24/7 VALENCIA: What inspired you to focus on medieval recipes?

PEDRO PONCE PALOMARES:: Now that Spanish cuisine has reached haute cuisine—a high level with extraordinary worldwide recognition—I decided on medieval cuisine because it represents the origin of Spanish gastronomy. I think it is a good time to emphasize the roots of the legacy that our ancestors left us.

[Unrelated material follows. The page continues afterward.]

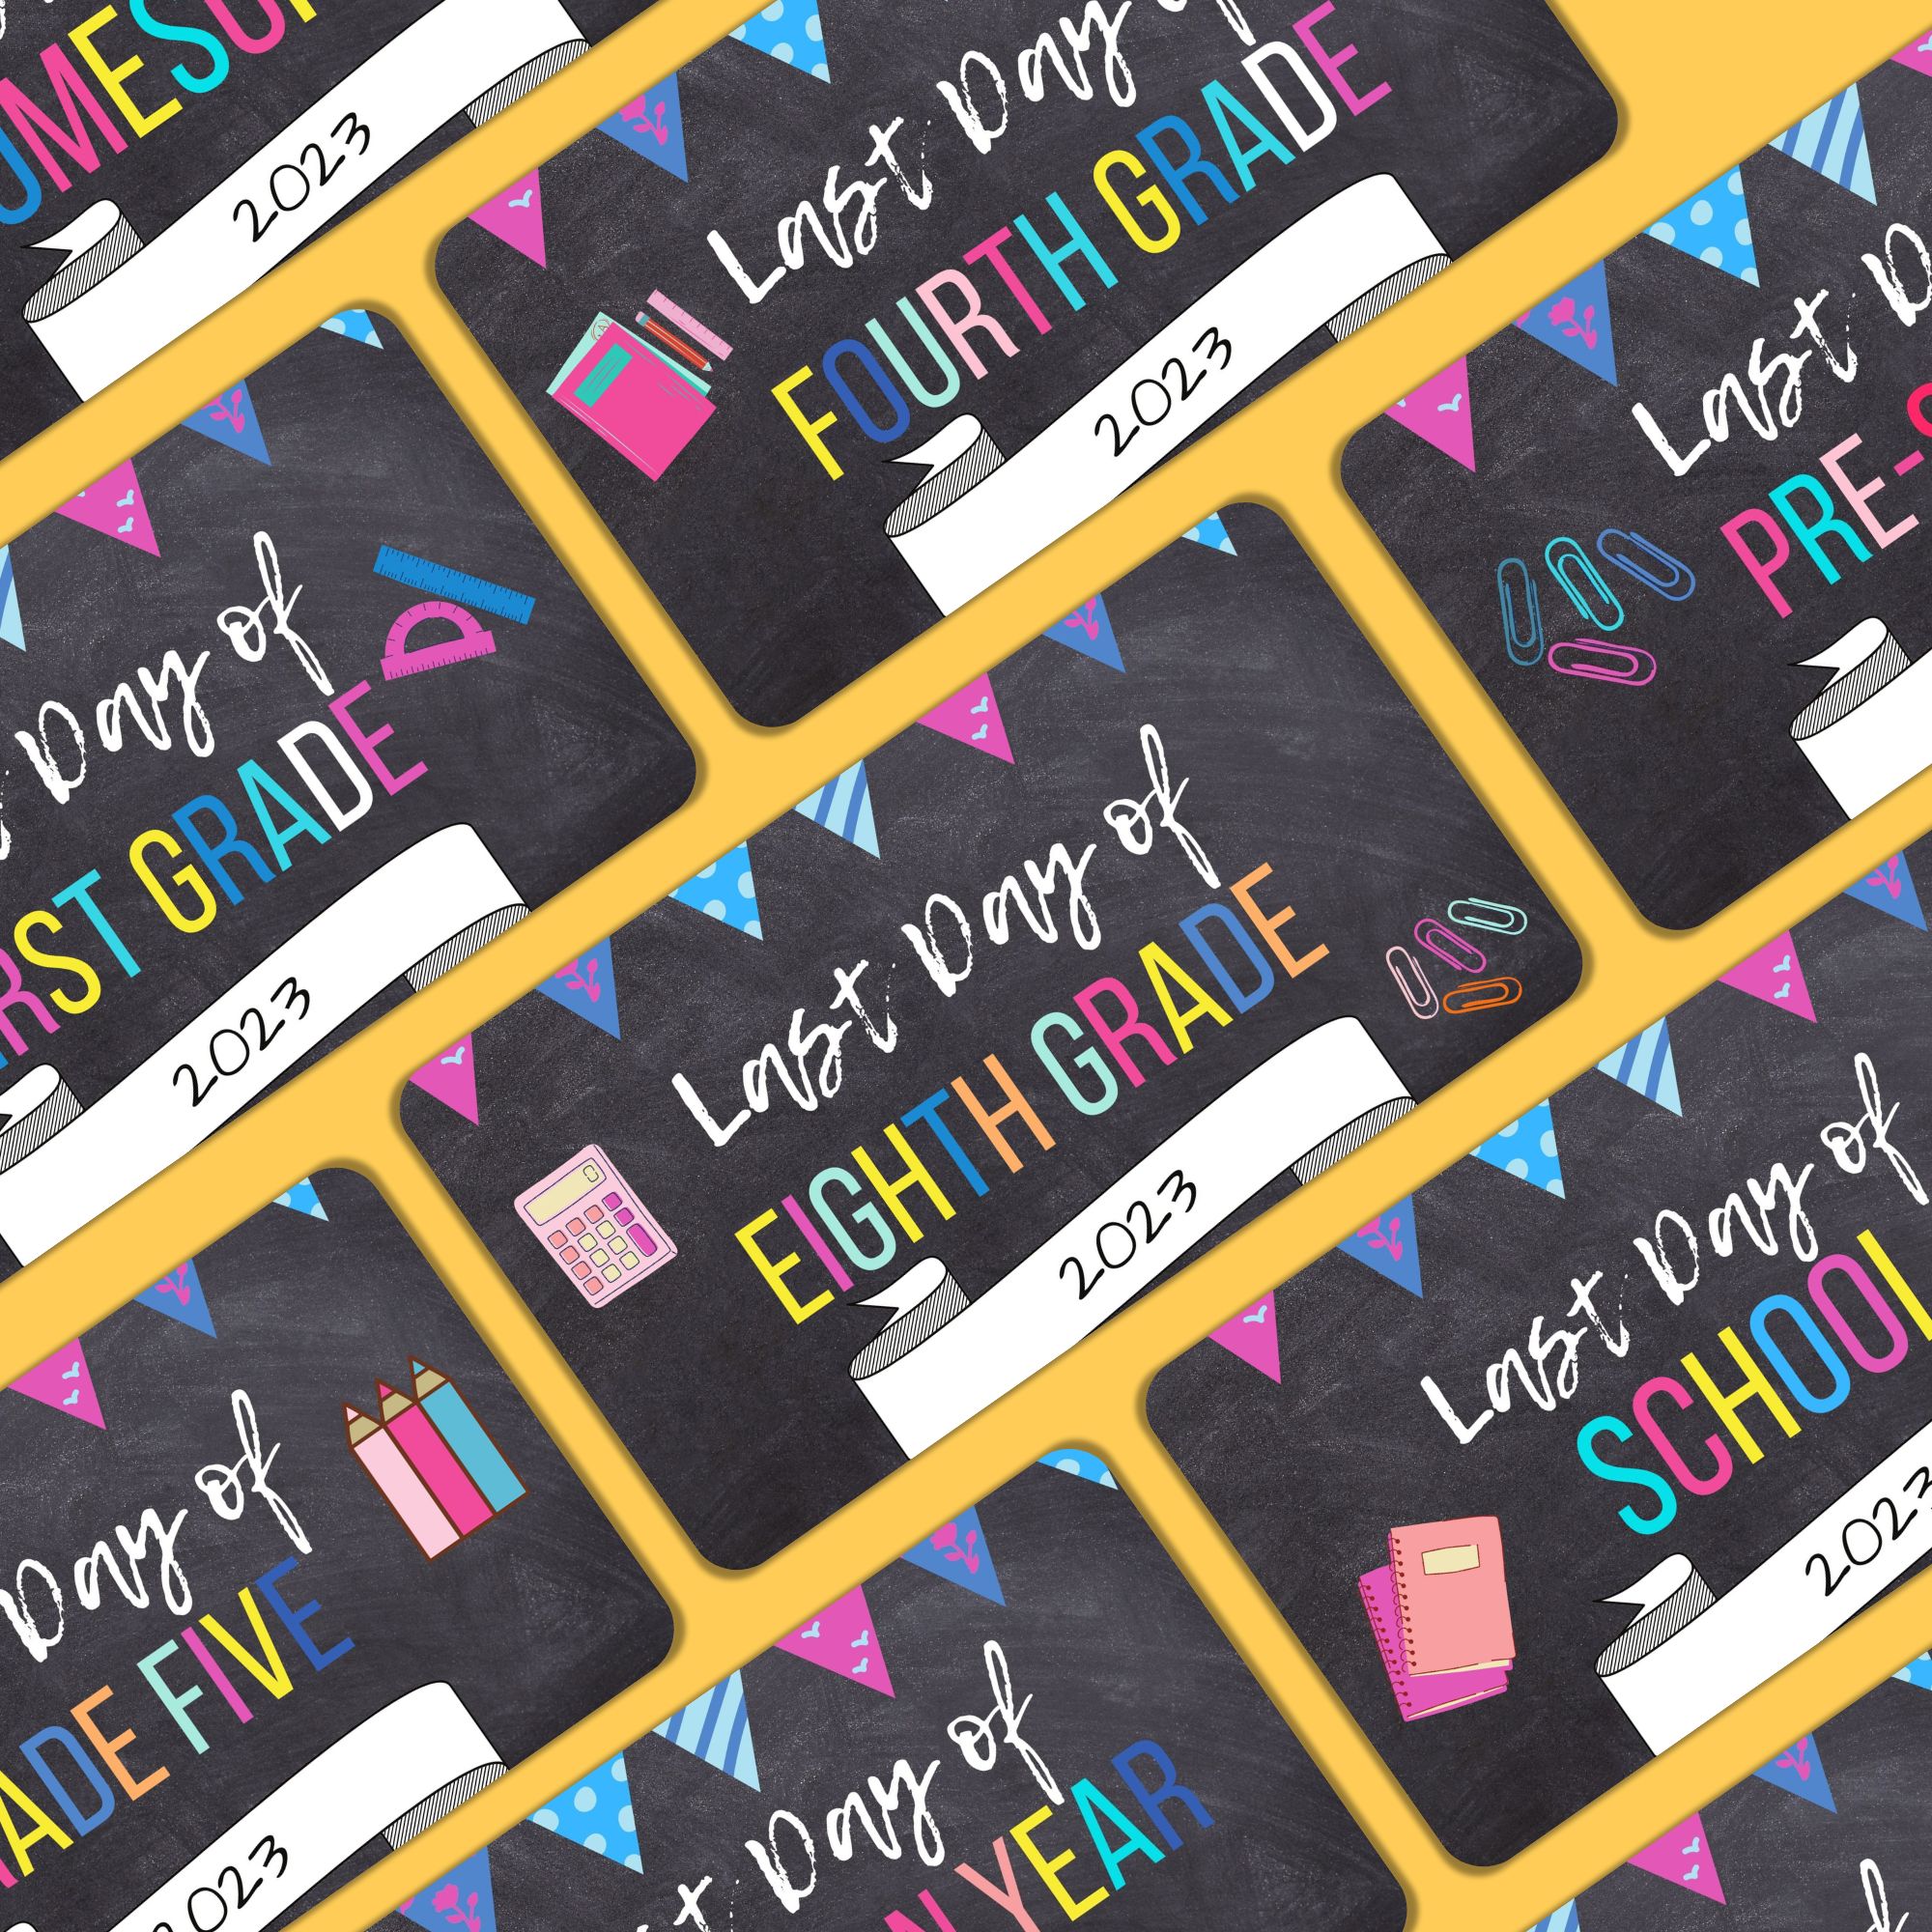 last-day-of-school-chalkboard-signs-2023-free-printable-pdfs
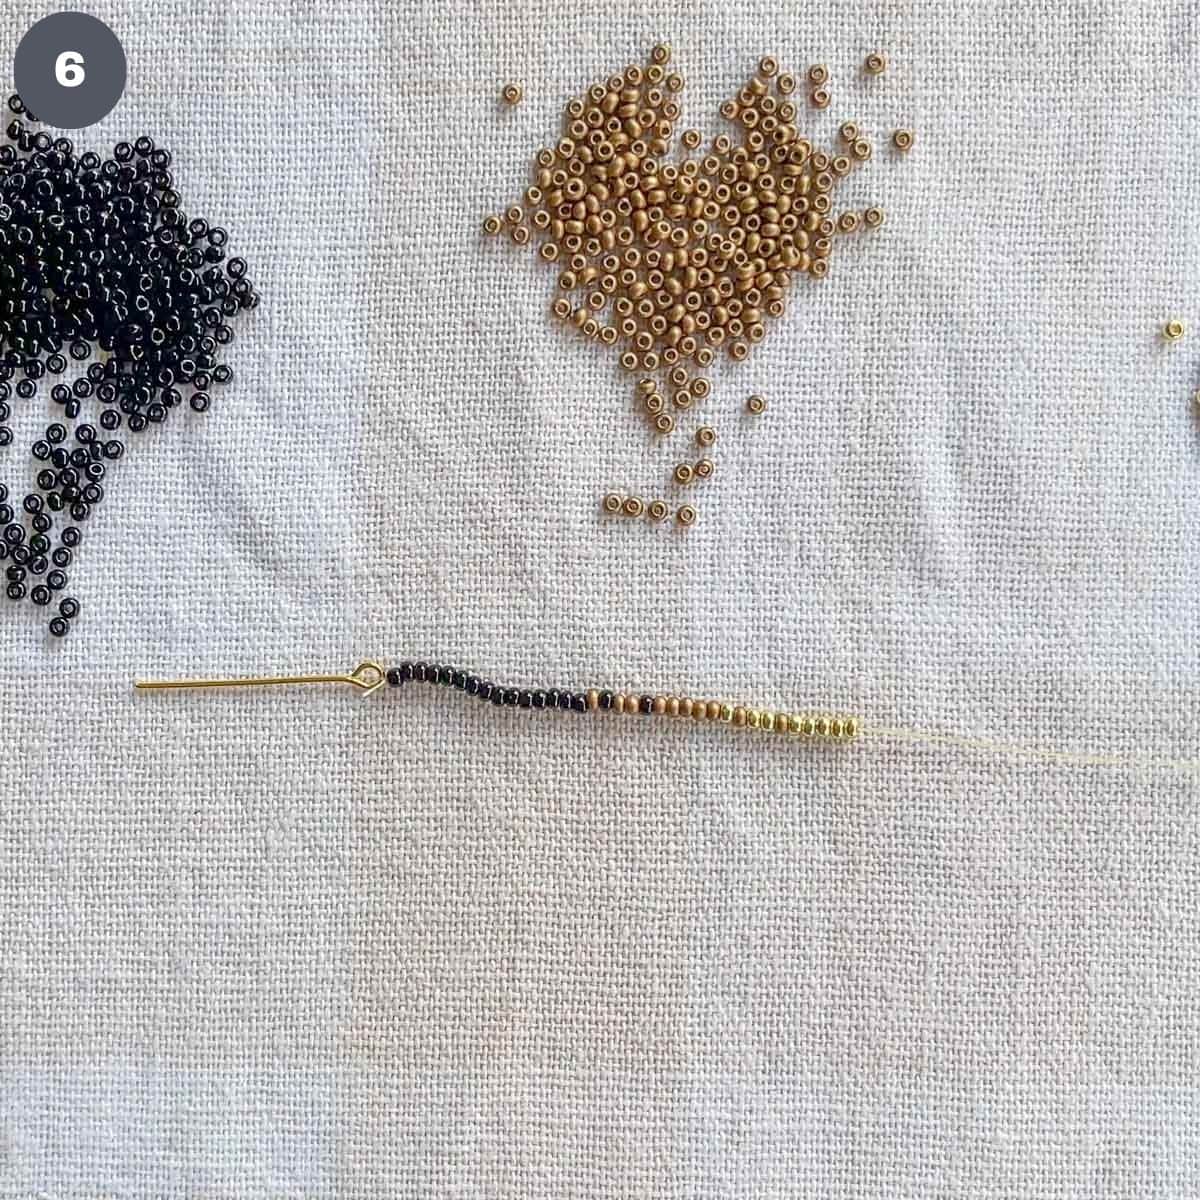 A strand of black, bronze and gold seed beads.

24/7 VALENCIA: Why is it important to recognize the origin of our cuisine?

Just as it is necessary to know about our surname, our family, our region, our country, our language, our culture; it is also important to know our gastronomy that is also part of our culture. This is a way to know what our parents, grandparents and ancestors ate.

24/7 VALENCIA: Where did you find the recipes?

Part of the recipes come from the “Llibre de Sent Soví,” dated 1324, which is surrounded by unknowns regarding origin, authorship, recipe compilation and creation date. The book covers dishes ranging from ancient Greek and Roman cuisine, to Arabic and Sephardic cuisine. It could be said that it is a compilation of recipes that represents the origin of the current Mediterranean Diet, with dishes typical of the regions of the Iberian Peninsula. Other recipes come from “Ruperto de Nola’s Book of Stews,” with its first edition dated 1520. Its repertoire of recipes intersects culinary cultures of Jews, Moors and Christians. Some recipes are contributions from the book of “Sent Soví,” from very old convent recipes or reflections from the accounting booklet of the Monastery of Santa Ana in Barcelona of 1402, which also is clouded in enigmas.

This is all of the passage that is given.